Additions in version 0.8

Here is a list of changes and additions that I did for version 0.8:

- rewrote XMill so that it can be compiled as a fully-re-entrant library.
  XMill was developed as two separate command-line tools that had a lot 
  of intertwined code, so this was no simple task, let me tell you that..
  While doing this, I also moved a lot of C functions to (static) classes and
  moved code inside .hpp files to .cpp files. The .hpp and .h files contain
  very little code now, so they should be a bit more readable.
  The only global variables that are left are three read-only array variables.
  
- with the rewrite to a library, there is now the feature to compress and 
  decompress XML files in memory. The commandline tools only provided 
  file-based (or Unix filter-based) functionality. This in-memory feature is 
  accessible using a C++ API. A small example program is included.
  
- a unit testing tool, xmilltest, has been implemented to test this C++ API.
  XMilltest reads in its commands using a simplistic script language and creates 
  detailed statistics and error messages. Please see the annotated example 
  xmilltest.script file for a how-to.
  
- a new User Compressor, BaseXNum, has been created, along with some subclasses.
  See below for more details.
  
- an XMI version number is stored by adding it to the XMill magic, 0x05e3d29e.
  (BTW: I don't know where this magic comes from. As far as I know, it's just a
  random number.)
  The major version number is added to the second LSB (0xd2), the minor number is
  added to the LSB (0x9e). The current version (for XMill version 0.8) is 01.00.
  I also added a uint32 to the header that can be used in future versions.
  Note that v0.7 XMIs can be decompressed without problems. The v0.7 
  decompressor cannot read v0.8 files.

- the type of general purpose compressor can now be chosen to be gzip, bzip2, 
  ppmdi (a variant of ppmd+) or nozip. Previously, the GZIP or BZIP2 support 
  was determined at compile-time.
  
  gzip accepts an index value of 1 through 9. Higher means slower execution
  but better compression.
  
  bzip2 usually compresses better than gzip, but needs considerably more CPU 
  time.
  
  ppmdi always compresses better than gzip and bzip2, but is slower than gzip.
  Compression is faster than bzip2, but decompression is slower. ppmdi accepts 
  a compression index value of 0 through 18. Higher is not always slower 
  execution/better compression, but I did try to give the PPMDi size/order 
  variables some sensible values. Note that you can't change those hardcoded 
  size/order values at will; doing that will break compatibility with 
  v0.8-ppmdi-compressed XMI files since only the compression index is saved in 
  the encoded file, not the actual size/order values.
  
  nozip is a 'compressor' that just stores the data as-is, with 'NOZIP' strings 
  as prefix and postfix. NoZip was developed for debugging purposes. Using nozip
  also shows the 'internal' XMill compression capability, i.e., the amount of
  data reduction that XMill itself yields. 
  
- I analysed the XMI file structure, documented it and wrote an XMI file inspector
  that prints out all kinds of cool numbers and texts about it. It also performs 
  integrity checking. Note that the documentation and implementation is not 
  complete yet. It's almost complete, though.

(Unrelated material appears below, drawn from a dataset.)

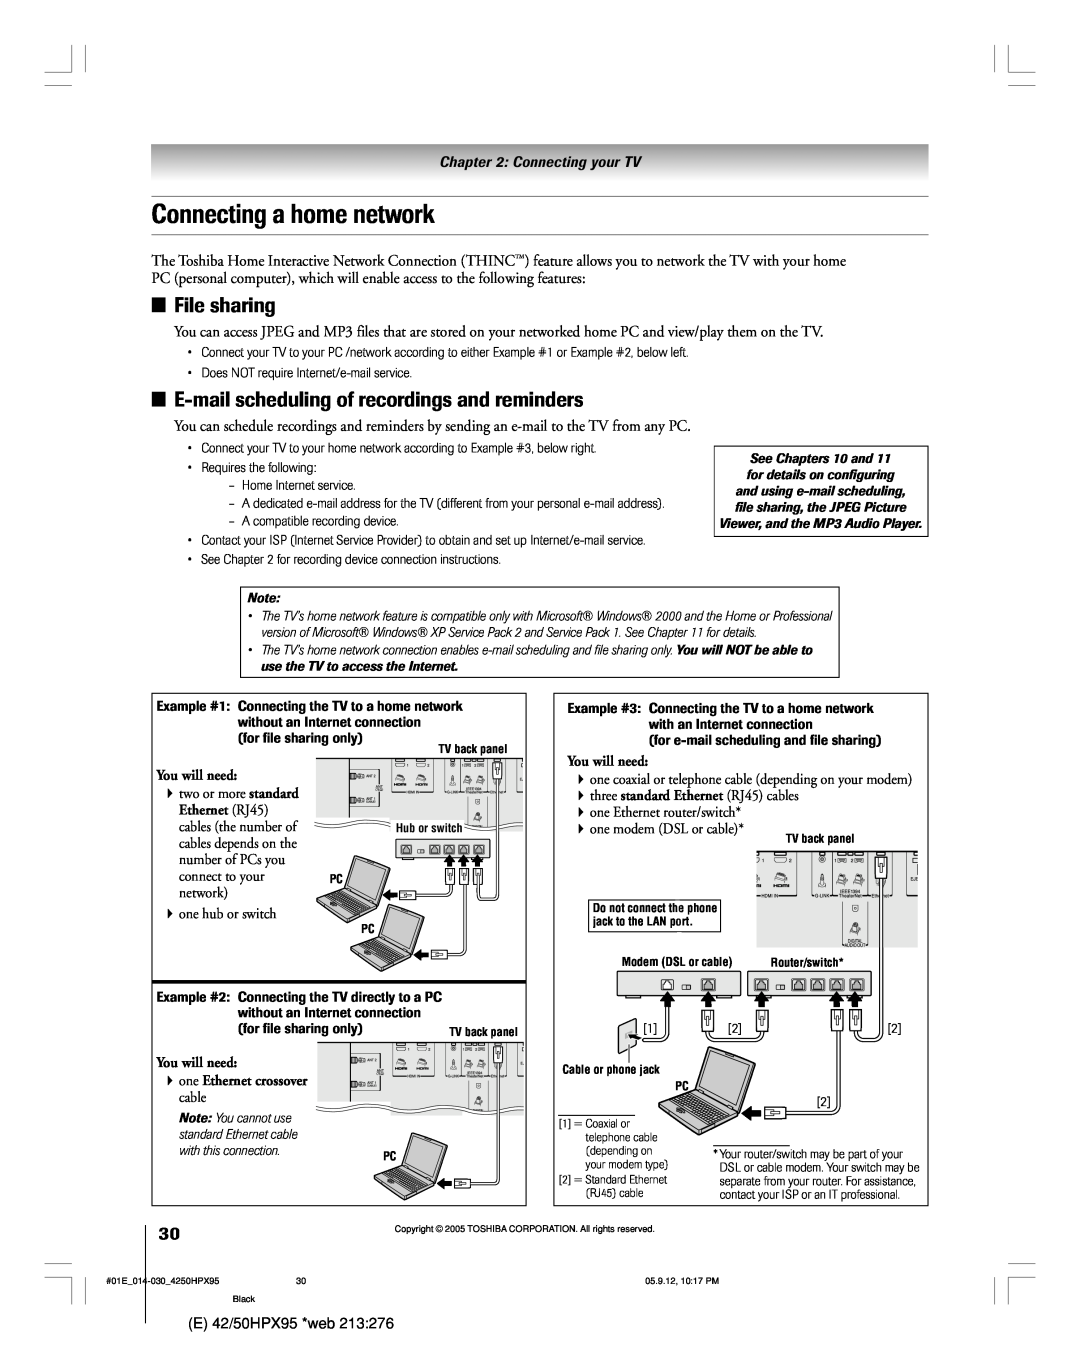 Toshiba 42HPX95 owner manual Connecting a home network, File sharing, E-mail scheduling of recordings and reminders

- Added quoting to constant compressors. If you want to add a double quote "
  inside constant, do this by prefixing it with a backslash \. This of course 
  means that you have to escape \ itself as \\. You can also use \n, \t and \r.
  Note that the path expressions stored in the XMI file are *not unescaped*.
 
- Decompressing to an MSXML4.0 instance. Is not totally finished yet, and 
  only available on Windows, since I don't know how to use DOM or SAX on Unix
  (yet). Feel free to submit code!

  
 ----
 
Related products

Since XMill was released, a few other XML compressors have been released. Some
are Open Source, some commercial. ICT, Inc.'s XML-Xpress (www.ictcompress.com) 
is the most prominent commercial product. ICT claims it has far better 
performance (in both time and size) than XMill, but since I'm looking for an 
Open Source solution, using it is not an option for me. Some Open Source 
implementations of XML compressors are:

 - XMLPPM which uses ppmdi as the underlying GP compressor. Encoded 
   SAX events (or ESAX) and MHM are two fundamentals of this compressor. See 
   www.cs.cornell.edu/people/jcheney/xmlppm/xmlppm.html and
   sourceforge.net/projects/xmlppm
   XMLPPM only supports command-line operations, just like XMill 0.7 did.
 - XGrind, xgrind.sourceforge.net, claims comparable compression as XMill (i.e.
   not as good, but not really bad) and supports fast querying & updating, which
   XMill does not. There is no Windows release of XGrind at this time, which is 
   what my employer needs. Also, the released version (0.0) was released half a 
   year ago. What does this mean for stability and maintenance?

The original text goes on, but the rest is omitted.